Korean Rock Recall: Experience The Epic Sonic Journey Of Dark Ambition's Blazing 2007 Track 'Bird' [AUDIO]

Limits are meant to be defied.

This has been proven by artists ranging from the Waitresses, who set the record for longest pop song ever, to rapper Master P, whose thoughts regarding limits are well-documented.

In any discipline, an artist need only set their own boundaries, and may breach them as they please.

On their 12-minute long genre jumping 2007 epic "Bird" Korean rock band Dark Ambition show they are an outfit truly without limits.

This eclectic suite of folk-tinged metal goes far beyond your typical pop song, both in duration as well as scope.

After emerging in 2002 with a self-released demo, Dark Ambition have positioned themselves as one of Seoul's strongest purveyors of Korean death metal, while nodding heavily towards that nation's traditional musics.
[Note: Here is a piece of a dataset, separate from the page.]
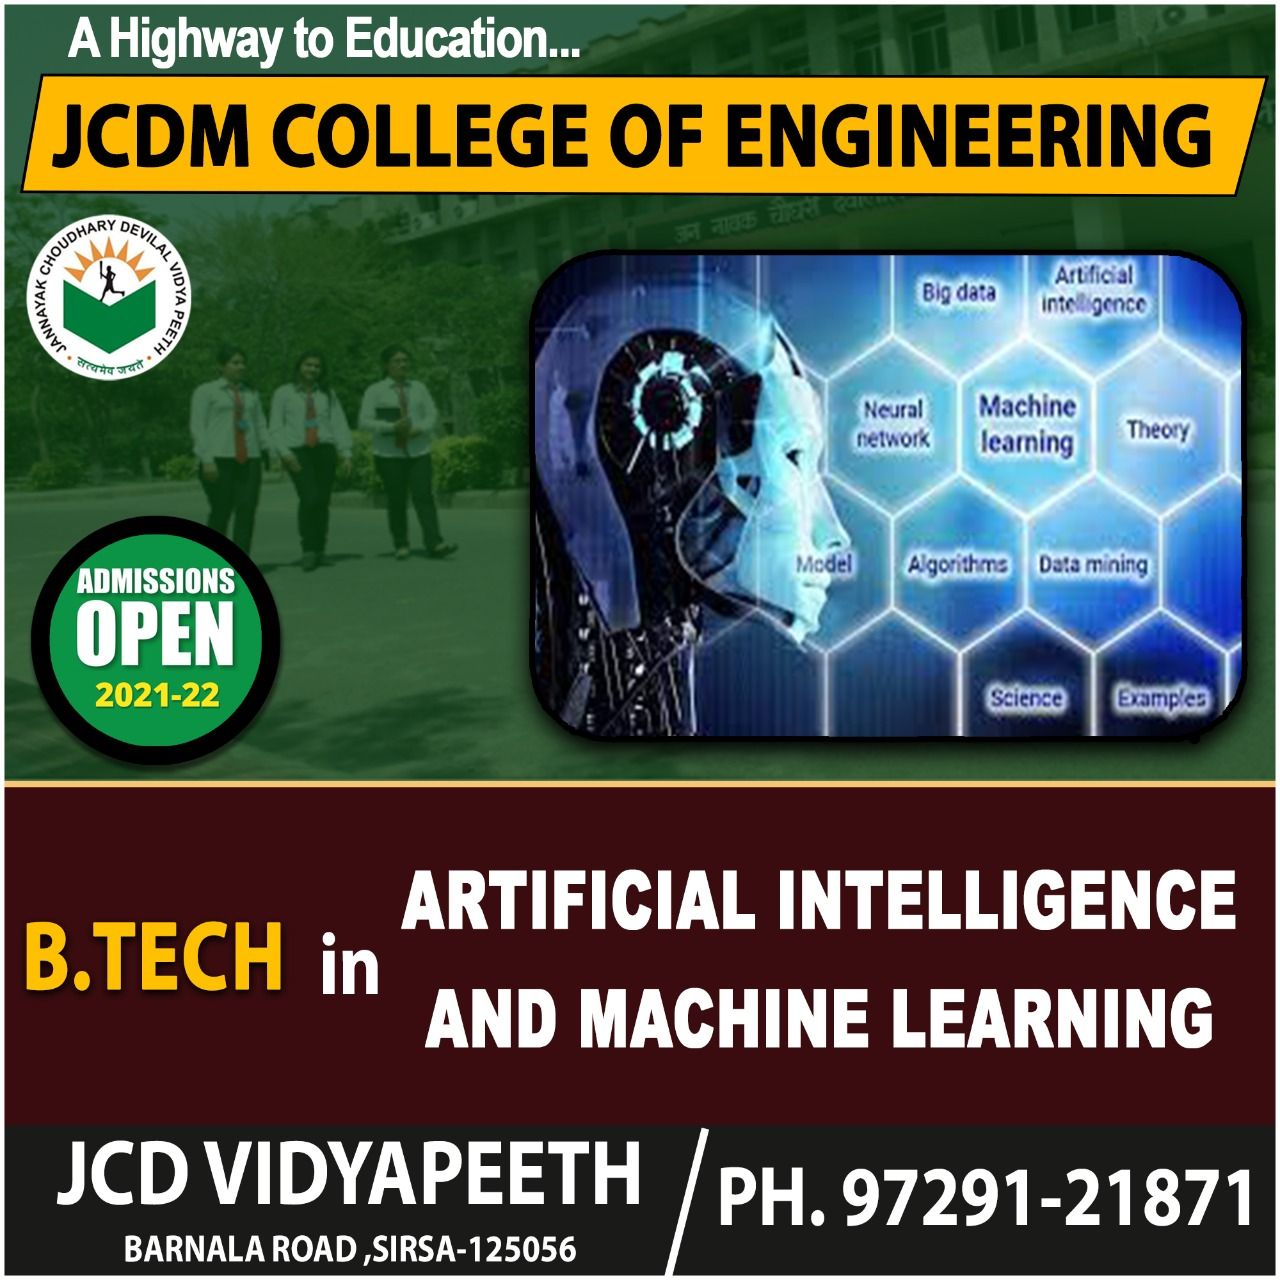 Artificial Intelligence and Machine Learning Course approval by AICTE, New Delhi

Two worlds that almost seem to marry together as well as this group does.

"Bird" is the final cut on the Dark Ambition album "Tears of Daewongoon," and it is clearly an important piece within the band's overall catalog.

Although the band stretches out well beyond the five-minute mark on nearly every track on "Tears of Daewongoon," "Bird" goes double or nothing in terms of stretching the running time and it is the listener who wins handily.
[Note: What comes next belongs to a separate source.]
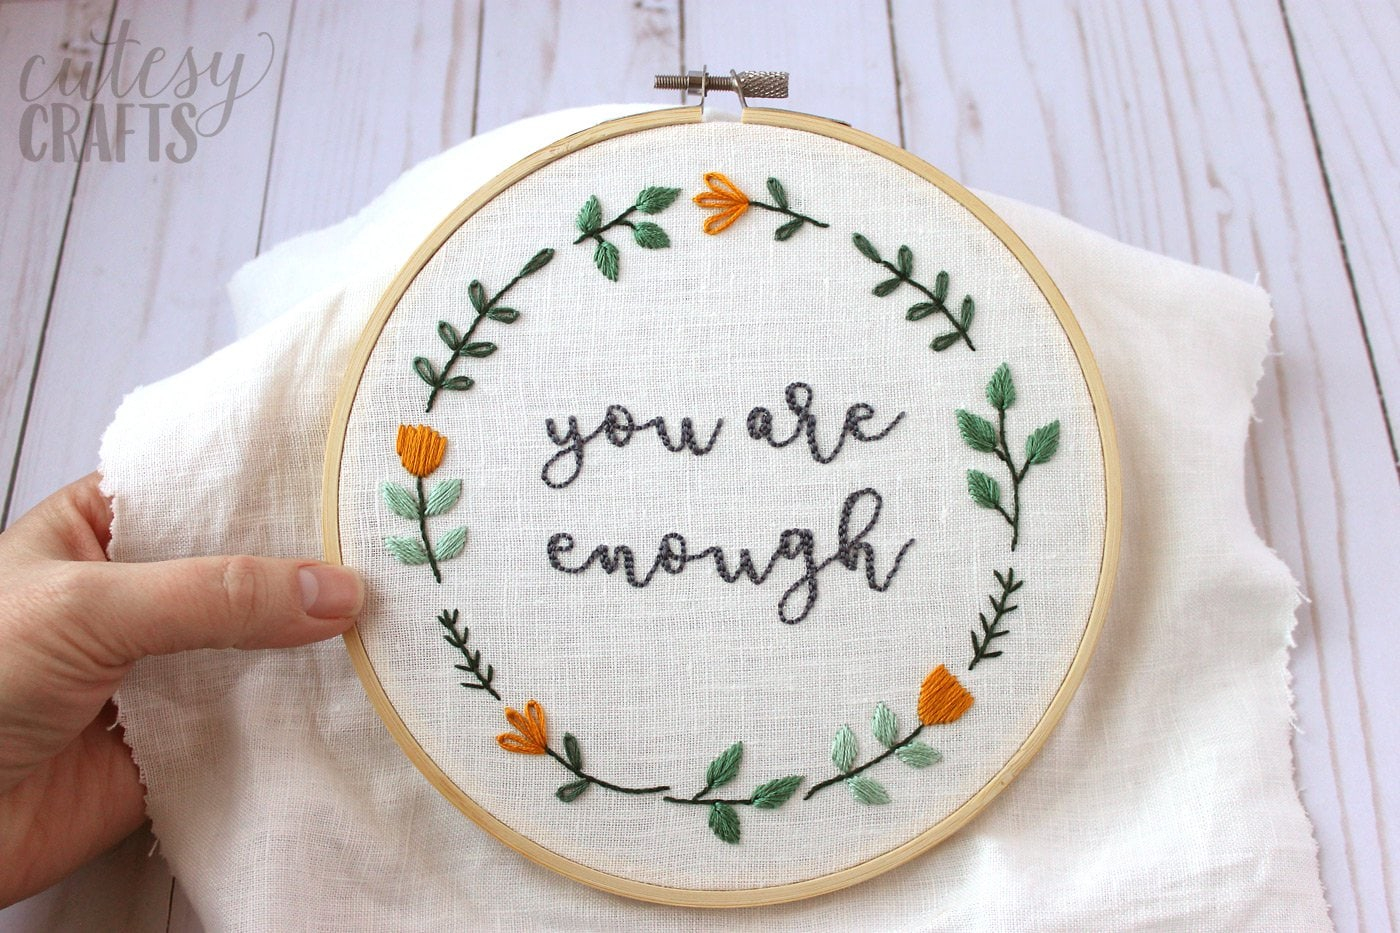 Embroidery Pattern You Are Enough Free Hand Embroidery Pattern The Polka Dot Chair

"Bird" is in some ways less a song and more a multi-movement work, eking out every drop of intensity possible from each section. The song launches with a Wagnerian introduction of pounding drums, takings its time with patiently sinister double-kick pedaling before introducing the other instruments.

When the rest of the group joins in, the lead instrument isn't a squalling electric guitar, but rather traditional Korean reeds. As illustrated with groups such as Gostwind, this combination can be plenty fruitful when tastefully executed. On "Bird," Dark Ambition hit that mark with ease.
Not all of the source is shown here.